What is Aortic Digital Twin?
From a patient’s pre-operative CT scan, the aortic digital twin is created to faithfully reproduce both the shape and the bio mechanical behaviour of the real aorta. This advanced 3D model allows precise simulation of how the patient’s anatomy responds to mechanical forces, providing a reliable virtual counter part of the vessel.
To ensure accuracy, PrediSurge has conducted multiple experimental studies assessing the mechanical properties of the aorta. A representative study is described by Duprey et al. (2016, Acta Biomaterialia), which investigated the rupture and deformation behaviour of aortic samples under multi axial loading. These experiments provide critical reference data for modelling tissue strength and stretch responses before rupture.
How do we simulate EVAR implantation?
Step 1: Creation of Digital Twin of Aorta
The first step involves creating a patient-specific digital twin of the aorta. The aorta is segmented from a contrast-enhanced pre-operative CT scan, following a process similar to many other sizing software tools.
This aortic model is then meshed — a mathematical process that divides its surface into thousands of small elements. Each element is assigned the bio mechanical properties of the aortic wall.
As a result, the model transitions from a static image to a numerical entity capable of interacting with tools and deforming according to their mechanical properties.
This technology – unique to Predisurge - is the digital twin of the patient’s aorta.
Step 2: Digital Replica of Endograft
The second step consists of building a digital replica of the endograft. A detailed model reproducing the geometry of the stents and fabric is constructed and meshed.
The known stiffness and mechanical behaviour of both components are then applied to this digital replica of the endograft.
Step 3: Simulating the implantation of Endograft
Finally, the third step simulates the implantation of the endograft within the patient-specific aortic digital twin. The ERI user (either clinical specialist or the vascular surgeon) selects the endograft type, the introduction side, and defines the proximal landing zone relative to a reference artery (for example, 2 mm below the lower edge of the right renal artery).

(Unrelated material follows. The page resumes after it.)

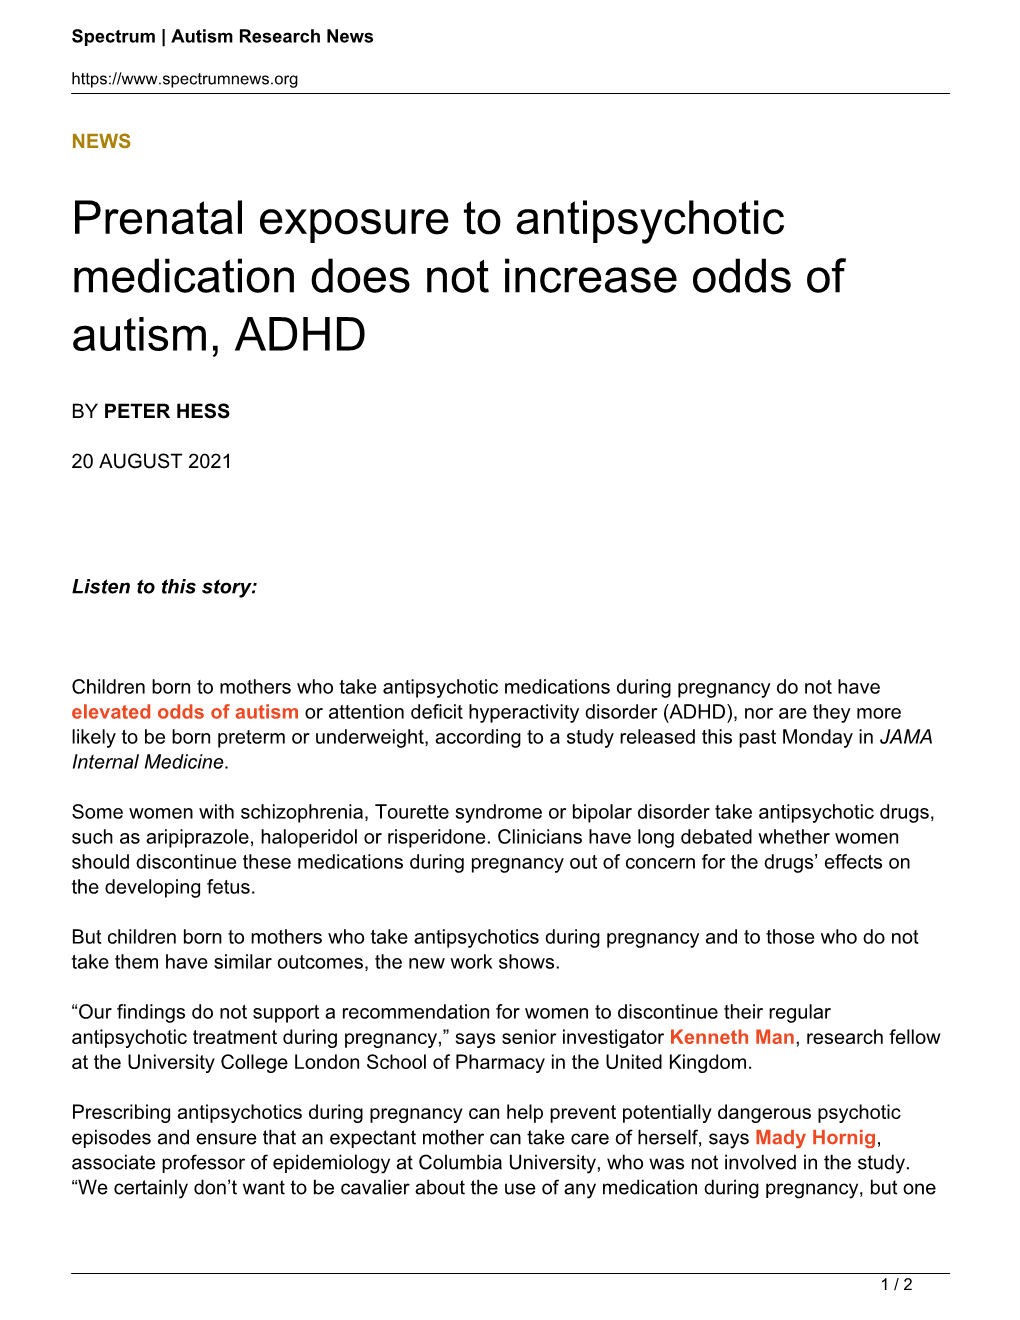 Prenatal Exposure to Antipsychotic Medication Does Not Increase Odds of Autism, ADHD
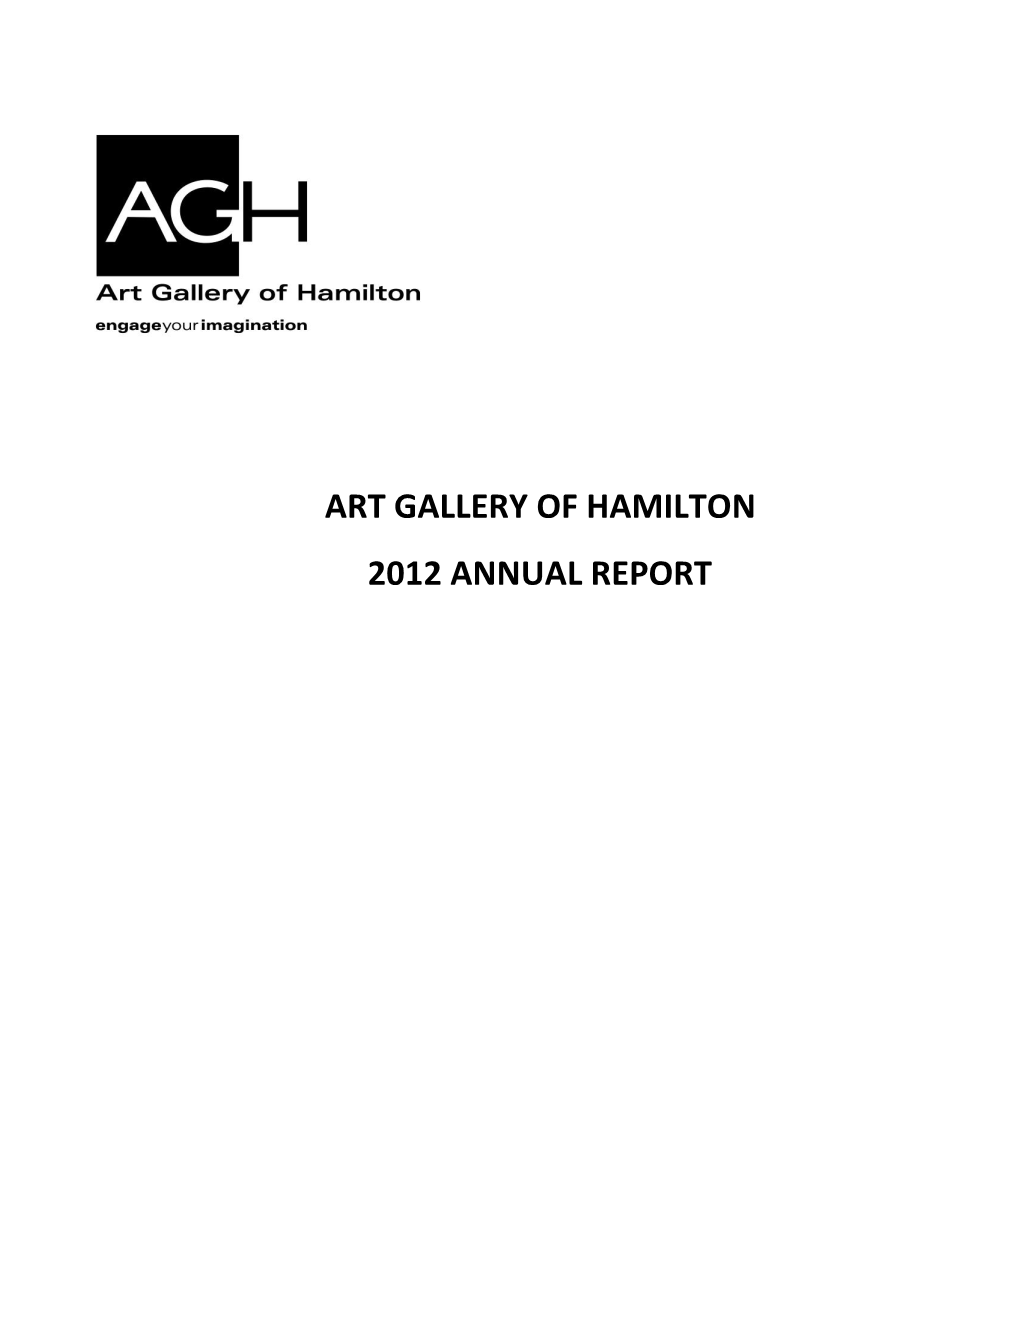 Art Gallery of Hamilton 2012 Annual Report

The digital endograft is virtually crimped, introduced into the aortic model following these parameters, and then released. It interacts with the aortic digital twin until a mechanical equilibrium is reached — a state that corresponds to what is typically observed on post-operative CT scans.
This EVAR simulation can be used similarly to a post-operative CT scan. In particular, it allows for a detailed analysis of the endograft apposition. This is precisely what is automatically performed by Endoleak Risk Index.
How does the simulation take into account the way the operator will deploy the stent-graft?
Proximal landing zone of the stent graft is actually an input defined by the clinical specialist or the physician as a distance to a reference artery, usually the lower edge of the lowest renal artery. If the operator is not sure about thelanding zone reachable, multiple proximal landing zones scenarios can be simulated.
Validation of EVAR simulation
To validate the accuracy of EVAR simulations, retrospective studies were performed on patients who had previously undergone EVAR. For each case, the pre-operative CT scan was used to generate a patient-specific digital twin of the aorta. The procedure was then simulated virtually using the same Endurant endograft reference and identical landing zones as those employed during the actual intervention.
The predictive simulations were evaluated against post-operative CT scans. Specifically, the stent rings on the post-operative imaging were extracted and compared to the corresponding stent rings in the simulated digital twin.
Their position and their diameters were compared to evaluate the accuracy of the simulation, as described by Perrin et al. (Journal of Biomechanics, 2015) and Derycke et al. (Computer Methods and Programs in Biomedicine, 2024), providing a robust framework for assessing model fidelity.
The comparison demonstrated excellent agreement between simulated and real-world results. The position and expansion of the stent rings in the simulations closely matched those observed on patients' post-operative scans.
On average, the difference in stent ring radius between simulated and actual devices was less than 1 mm, highlighting the accuracy of the simulation.